Tripping Along Memory Lane

Jun 03, 2008 09:18

I went to the grocery store yesterday, and as I was walking along I smelled Louisiana. Specifically, the area near the apartment complex we lived in when we first moved there, while we were waiting for base housing to become available. It was like a time machine, dragging me back to the four-year-old me.

The apartment complex was called Willow Creek, but my mother called it Willow Cricket because of all the bugs. We'd just moved back from Germany, and I don't know whether they don't have the same kinds of bugs or if it was just the proximity of The Swamp, but Willow Cricket was an entirely new experience for me. I'm pretty sure that The Fear was born there. Because bugs? I have The Fear.

I don't remember much of the actual apartment. I do remember The Swamp across the street. I was not allowed anywhere near The Swamp. The Swamp was a place of alligators, bugs, and death to small children, and I was fascinated by it. The light was different there, soft and green and strangely glowy in a dark way. And it had a very distinctive smell that I don't often encounter. Wet vegetation, or course, but more than that. Something I can't describe or pin down. I just knew that The Swamp must be featured in a fairy tale that I hadn't yet read, a place where children were lured by swamp monsters to become prisoners of a wicked witch, but I still wanted very much to explore. I would have been the child who went into the basement in the horror film. I'm sure if I'd ever actually worked up the nerve to go into The Swamp, I'd have taken one step in, seen a bug, and run, screaming for my mother.

Not that Mom would have rushed to save me, I'm sure, even though she was well equipped to do battle. My father worked nights for a while, and he'd come home every morning to find the floor looking shiny and freshly waxed. Bug spray has that effect, apparently. Mom had an industrial-strength, economy-sized can of bug spray that had a straw that stuck into the sprayer, like the cans of air we use to clean out keyboards. The straw shot the spray incredible distances across the room. Every night we'd have an invasion of crickets, and sometimes a roach, and Mom would stand in the doorway to the kitchen with her eyes closed, spraying in what she thought was the general direction of the offending bug. Dad rigged a flyswatter for her with a curtain rod attached to the handle, so after the spraying she'd whack everything she could reach with the Swatter o' Death. If I remember properly, she'd leave the carcasses for my dad to deal with in the morning.
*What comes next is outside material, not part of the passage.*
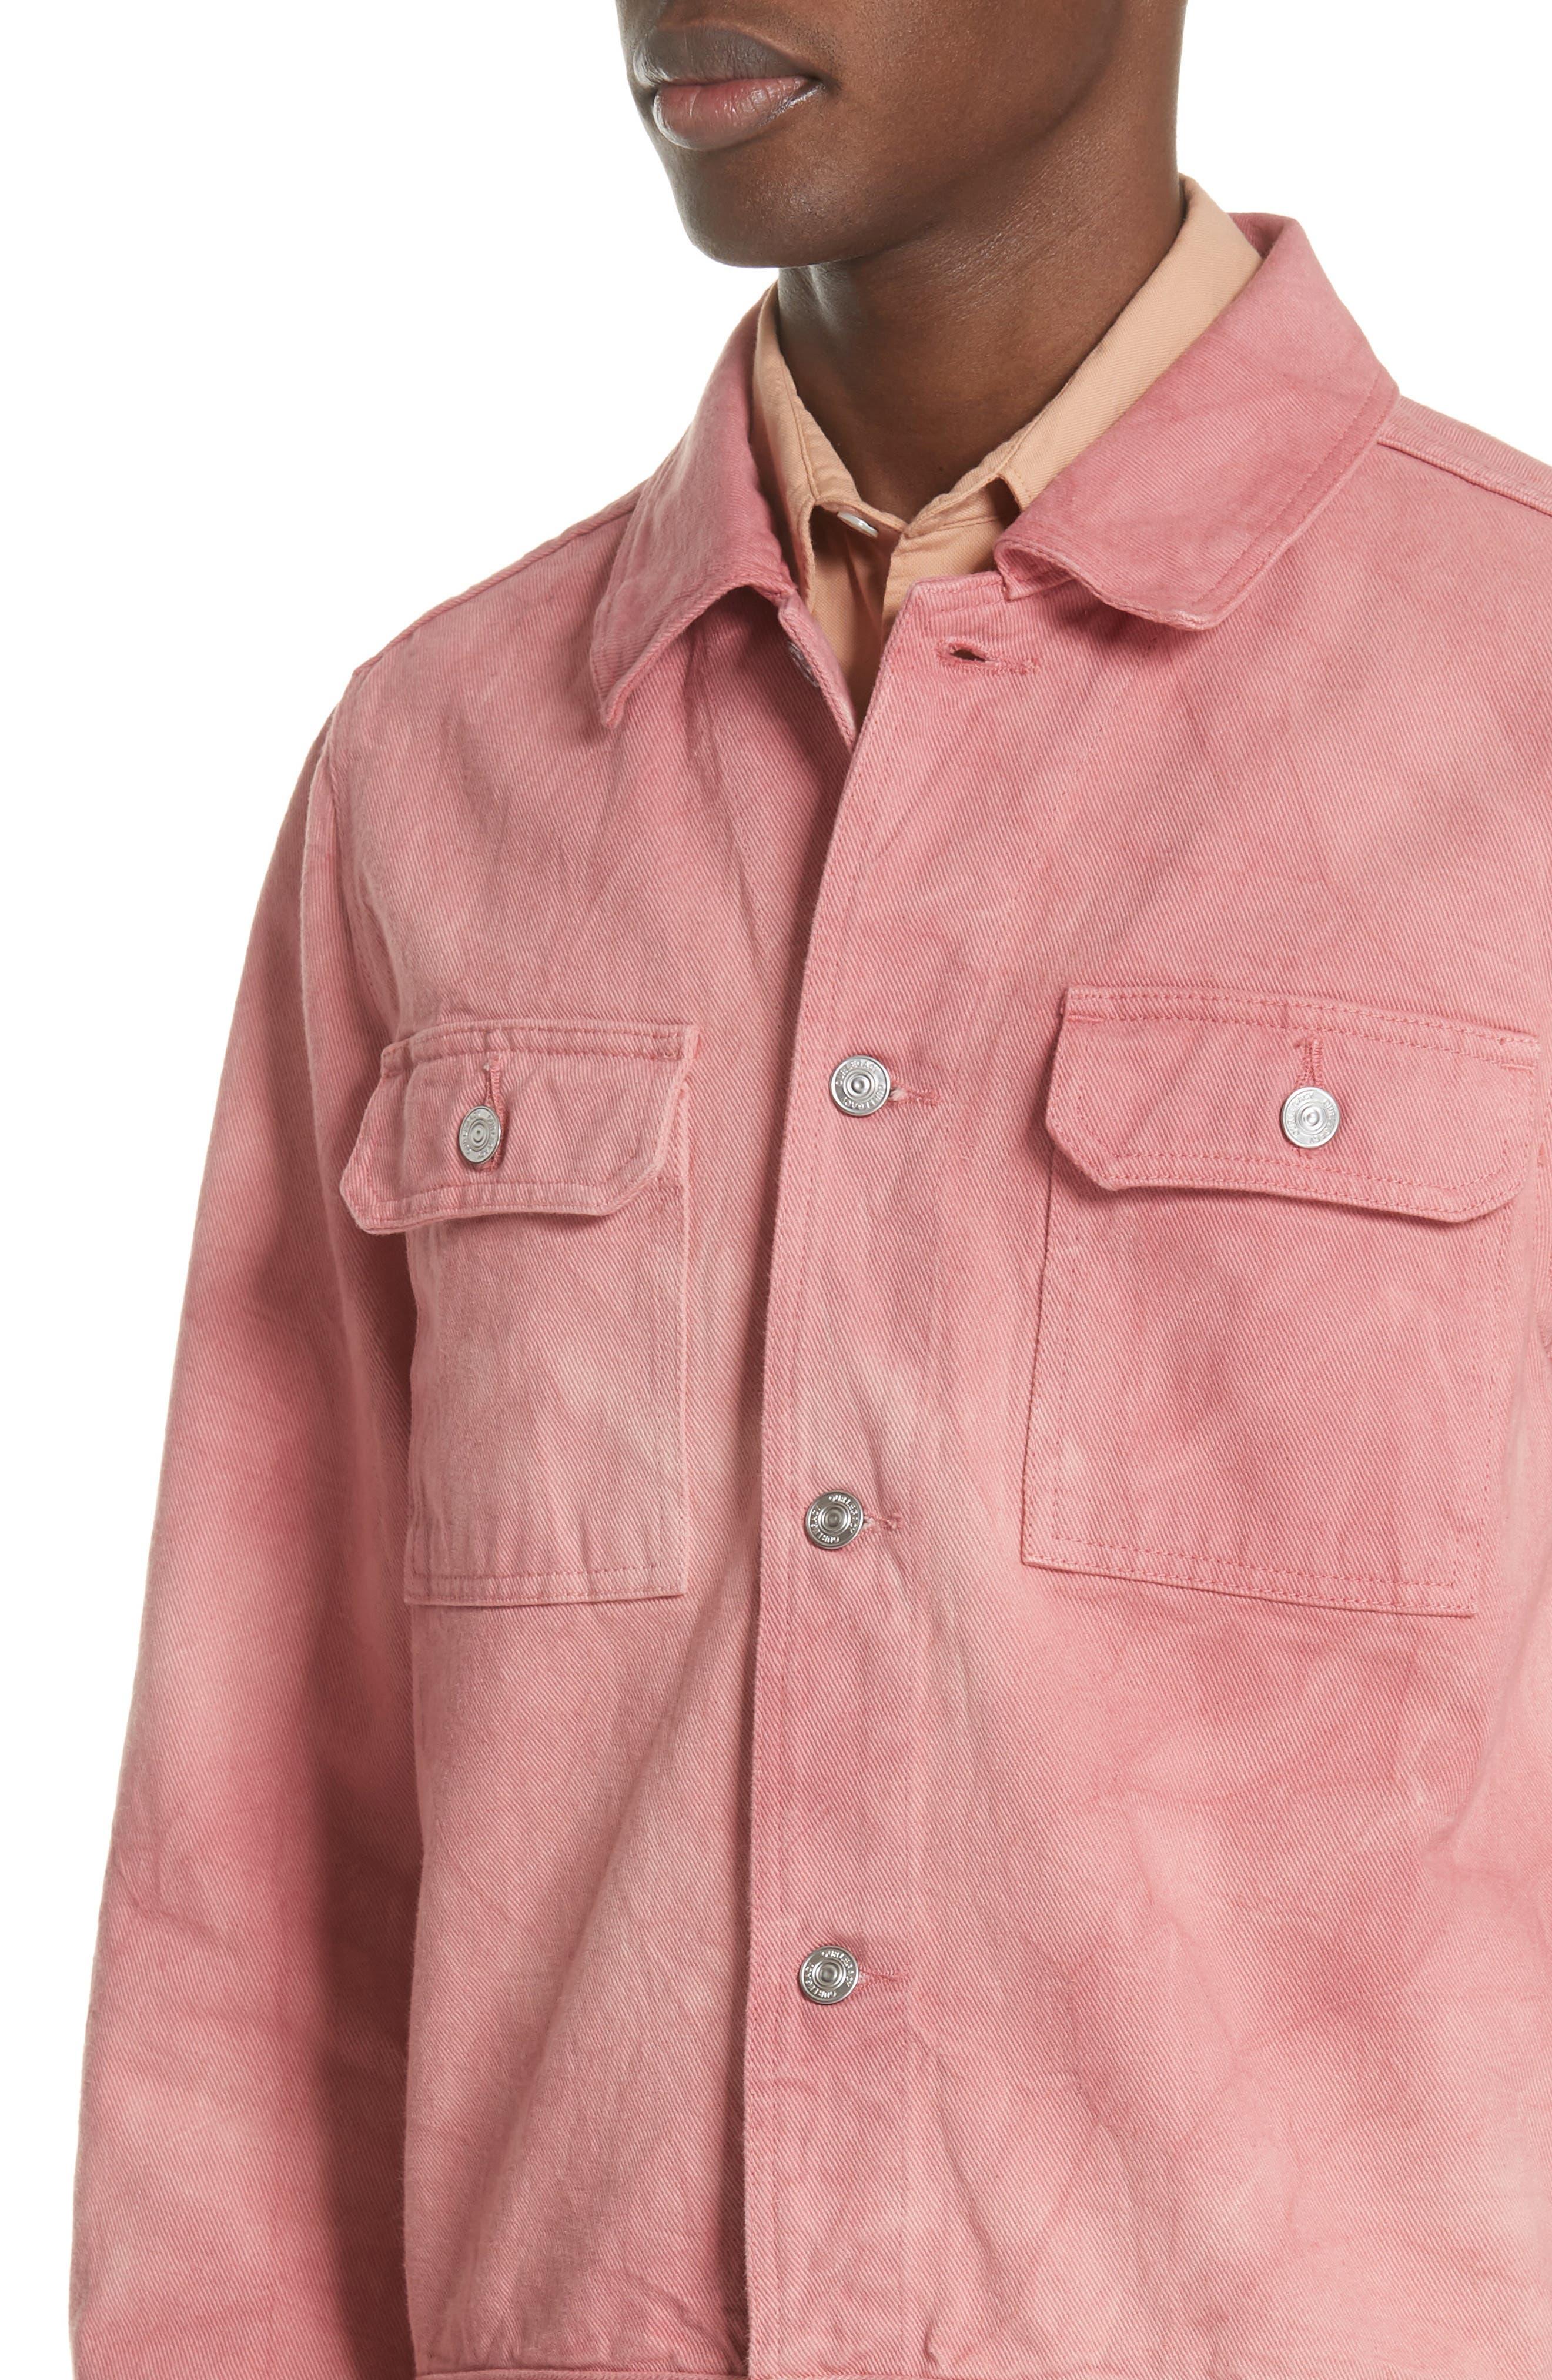 Dye Jacket,                             Alternate thumbnail 4, color,                             650

My strongest memory of Willow Cricket is of the preparations for moving out when base housing came available. I remember Mom buying a dish drainer set that came with a sponge on a stick. Mom didn't use that, so she gave it to me and I played with it in the bath. I walked into the bathroom one day when Mom was cleaning for the inspection, and there was my mother, about a million months pregnant with dawnshine, cleaning the toilet. With my sponge. I will never forget the absolute horror I felt. "I wash my face with that!" I am amazed my mother didn't wet herself, laughing at me. She still laughs until she cries when we talk about it. She also still promises me that she'd never used it before, and that she'd planned to throw it away right after. It was just for the inspection. I can't help cringing, even now, when I think about it.